ATP Oil & Gas 8-K 2007
SECURITIES AND EXCHANGE COMMISSION
Washington, D. C. 20549
PURSUANT TO SECTION 13 OR 15 (d) OF THE SECURITIES EXCHANGE ACT OF 1934
DATE OF EARLIEST EVENT REPORTED: September 14, 2007
ATP OIL & GAS CORPORATION
(Exact name of registrant as specified in its charter)
Commission file number: 000-32261
4600 Post Oak Place, Suite 200
Houston, Texas 77027
(Address of principal executive offices)
(Registrants telephone number, including area code)
Item 2.03 Creation of a Direct Financial Obligation or an Obligation under an Off-Balance Sheet Arrangement of a Registrant.
On September 14, 2007, ATP Oil & Gas Corporation (the Company), the lenders and Credit Suisse (as administrative agent for the lenders) entered into an Amendment No. 1 and Agreement as of September 14, 2007 (the Amendment) to the Unsecured Subordinated Credit Agreement, dated September 7, 2007 (the Facility) which increased the aggregate amount of borrowings under the amended facility to $210.0 million. Consistent with the original Facility, the borrowings under the Amendment bear interest at 11.25%, payable quarterly, and mature on September 7, 2011. Such borrowings are subordinated to the Companys Third Amended and Restated Credit Agreement dated as of December 28, 2006, as amended (the Existing Credit Agreement) and may be prepaid at any time at the option of the Company, subject to limitations set forth in the Companys Existing Credit Agreement. The Company expects to recognize over the term of the facility additional noncash interest charges related to deferred financing costs, an original issue discount and a sliding-scale redemption premium, each of which will be amortized as interest expense over the term of the Facility. If held to maturity, the aggregate average effective interest rate on the borrowings, including the noncash components, is expected to be approximately 15.3%. From this Amendment, the Company received net proceeds of $47.5 million after deducting $2.5 million for the original issue discount, fees and expenses.

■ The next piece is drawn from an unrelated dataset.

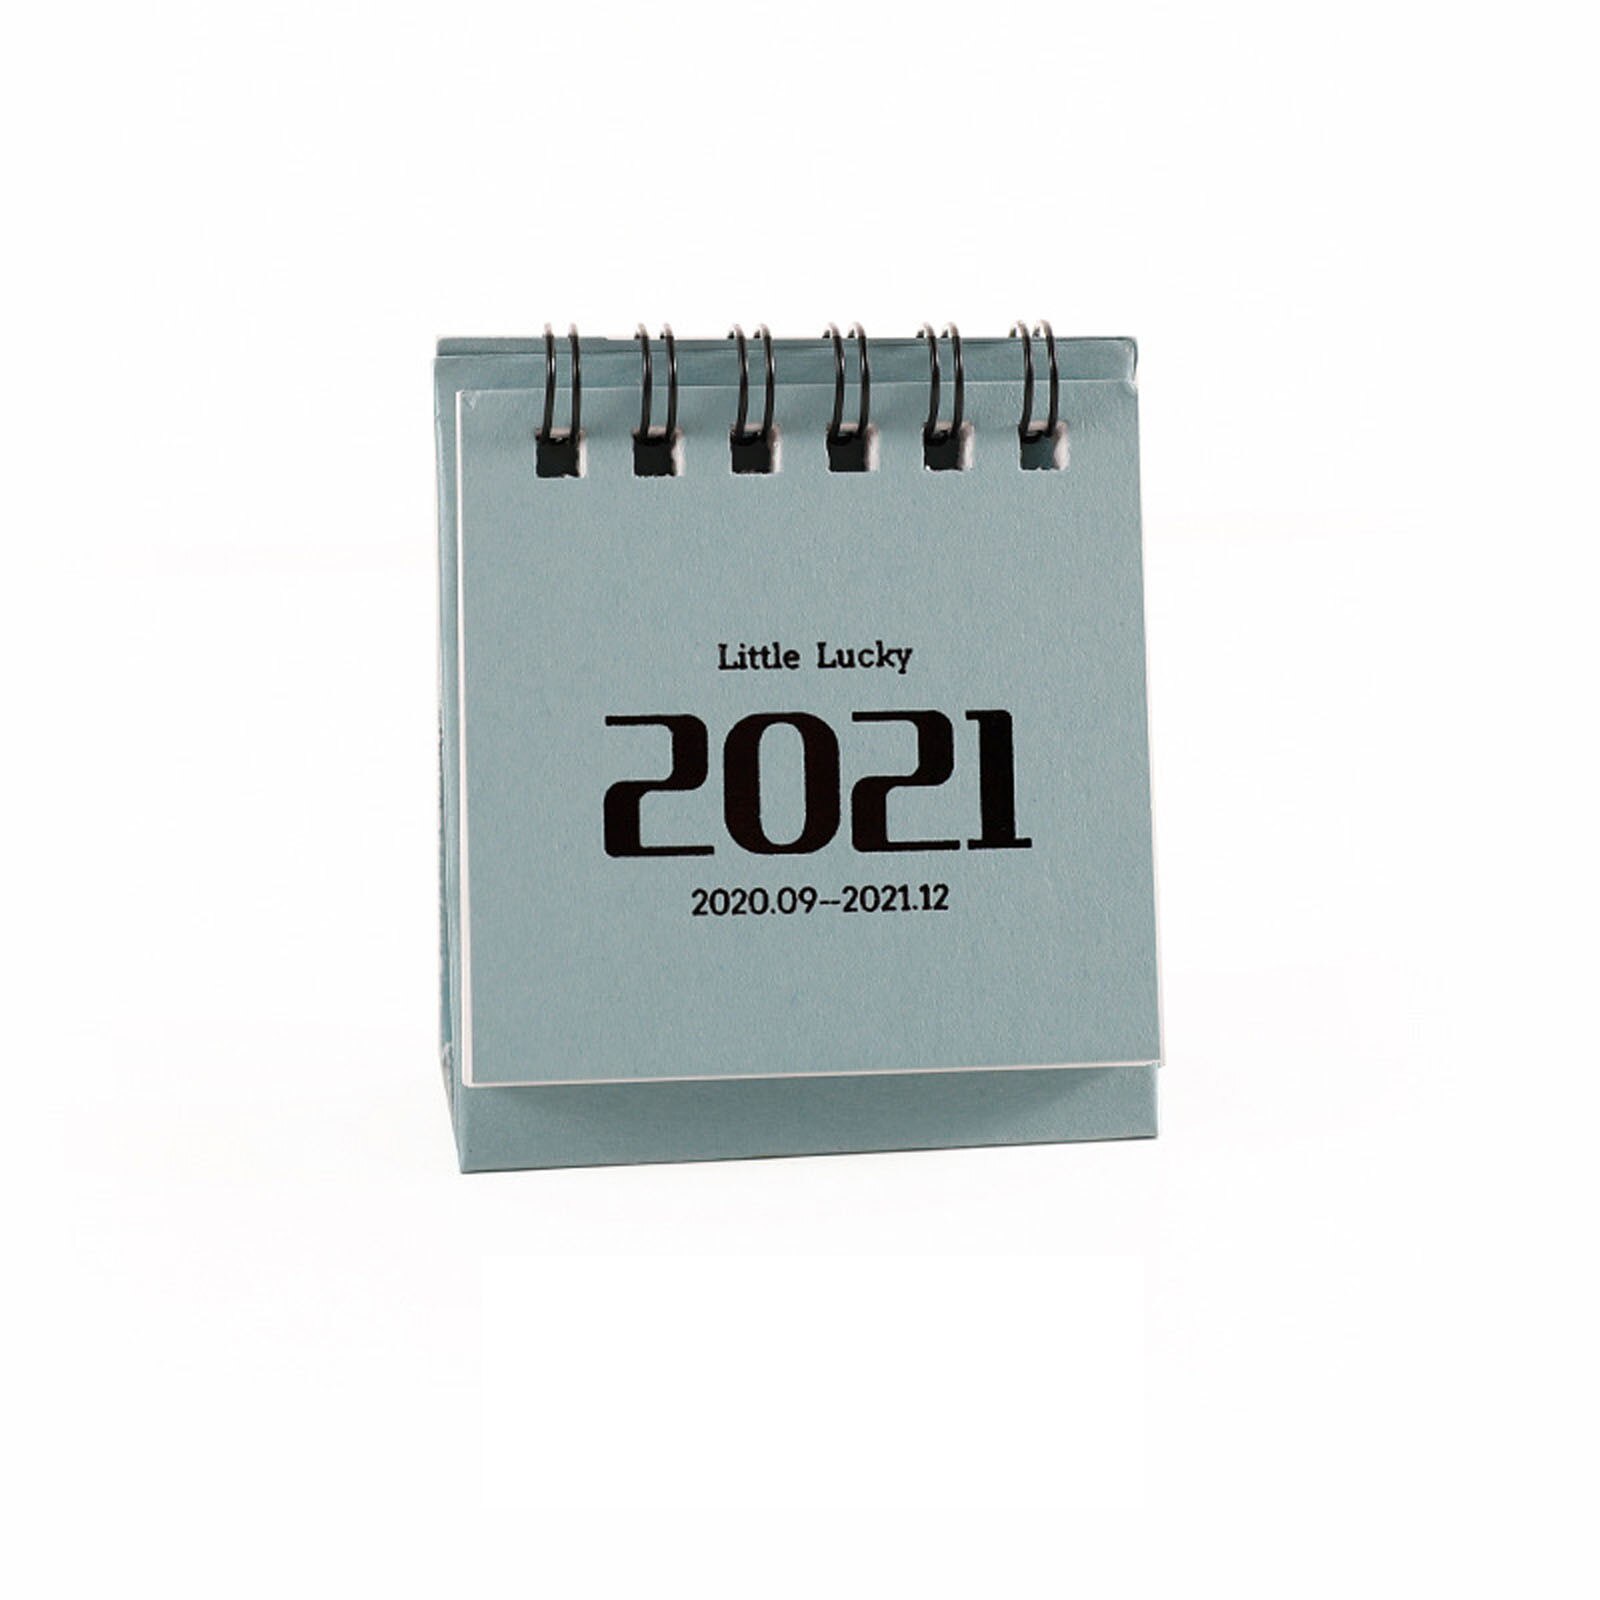 Minimalism Plan Book Mini Desk Calendar DIY Portable Desk Calendars Stand Up Flip Daily Monthly Schedule Planner: A

The proceeds of the Facility will be used to fund near-term development and acquisition opportunities and other general corporate purposes of the Company and its subsidiaries. The Facility contains no financial performance covenants, but contains affirmative and negative covenants, including limitations on incurring certain indebtedness, that are usual and customary for transactions of this type.
The foregoing description of the Facility does not purport to be complete and is qualified in its entirety by reference to the Facility filed as an exhibit hereto and incorporated by reference herein.
Item 7.01. Regulation FD Disclosure
On September 14, 2007, the Company issued a press release, included herein as Exhibit 99.1, announcing the Facility.
Item 9.01. Financial Statements and Exhibits
Pursuant to the requirements of the Securities Exchange Act of 1934, the registrant has duly caused this report to be signed on its behalf by the undersigned and thereunto duly authorized.